INSURANCE-TRAVELING AND OTHER EXPENSES

Insurance premiums as a business expense. Traveling expenses. Compensation to employees. Rentals. Professional expenses. Miscellaneous business expenses.

INSURANCE premiums paid by a taxpayer who is the beneficiary or whose estate is the beneficiary under the policy are not deductible, the rule being applicable alike to individuals and corporations (Sec. 215(a) (4); Art. 291, 581); the law looks upon such payments as a form of investment. But if a corporation which pays the premium is not the beneficiary the premium will be regarded as additional compensation to the employee and therefore deductible to the corporation as a business expense (Art. 293). This is presumed to include premiums paid on group insurance policies, even though such premiums do not constitute taxable income to employees benefiting thereby (Art. 33).

Premiums on insurance securing a loan, paid by an individual, and later by a partnership or corporation, have been held to be deductible as business expenses (O. D. 38, 396, 711, 843, 1011). This, however, has been changed in part, the rule now being that no premiums paid on policies on the lives of officers or employees which constitute the security for loans are deductible, because the person or corporation paying the premium is a beneficiary even though he is not equitably entitled to claim from the proceeds any more than the amount of the loan (Sol. Op. 136). It has also been held that no deduction can be claimed by an officer of a corporation if he pays a premium on insurance covering his life where the corporation is the beneficiary (I. T. 1214). But the corporation can deduct premiums on policies securing loans where the debtor insured is not an officer or employee or one financially interested in the corporation (I. T. 1511). Where a debtor was financially unable to meet premiums on policies securing a loan, payment of the premiums by the creditor were additional advances to the debtor (A. R. R. 7895).

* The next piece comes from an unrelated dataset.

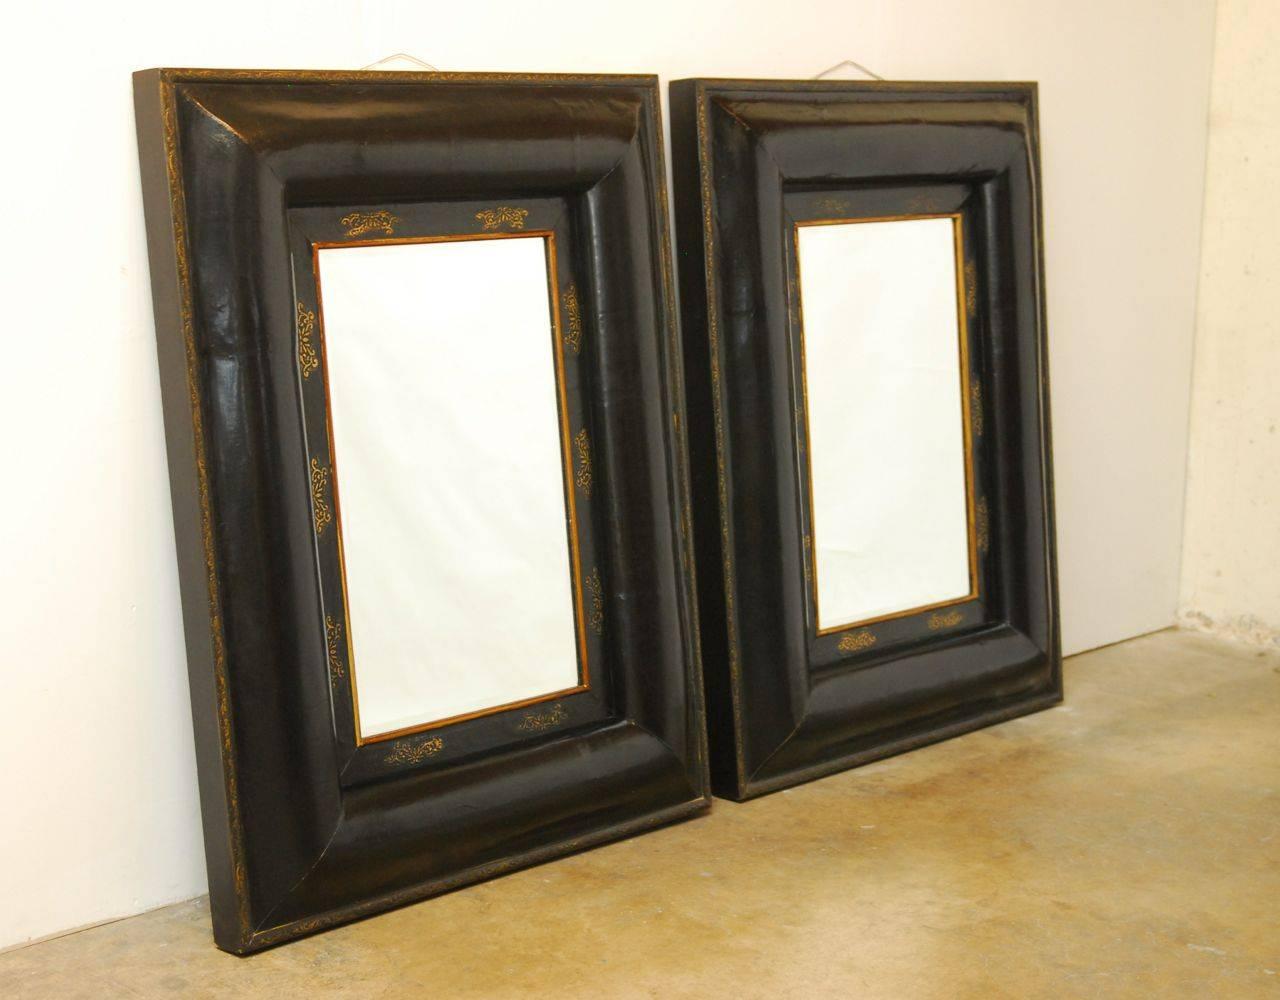 Striking pair of huge ebonized Portuguese mirrors mounted in heavy wooden frames with a beautiful plaster faux finish. Decorated with gilt trim and border with gilt cloud accents around the beveled glass. These lovely mirrors are thick and have a

Premiums paid on insurance policies payable to the estate of the creator but assigned to a charitable organization as security for a loan were not deductible (I. T. 1453).

A taxpayer who was required to take out insurance in favor of partners was allowed to deduct the premiums as a business expense provided none of the proceeds would be used to satisfy any obligation of the taxpayer (I. T. 1340).

Premiums on indemnity bonds taken out by government employees were deductible (O. D. 878).

TRAVELING EXPENSES

Traveling expenses incurred by an individual under the 1918 act were on the border line between personal and business expenses. When a trip was undertaken for other than business purposes, the expenses (except transportation tax) were not deductible. But the individual could deduct his traveling expenses for business purposes, including meals and lodging, unless reimbursed therefor, to the extent that they were in excess of his expenses while living at home. There were three possible cases:

(a) When the individual paid his own expenses, was not reimbursed therefor and his salary did not cover such expenses, the latter, including meals and lodging over and above the additional expenses of his household if he were living at home, constituted proper business expenses.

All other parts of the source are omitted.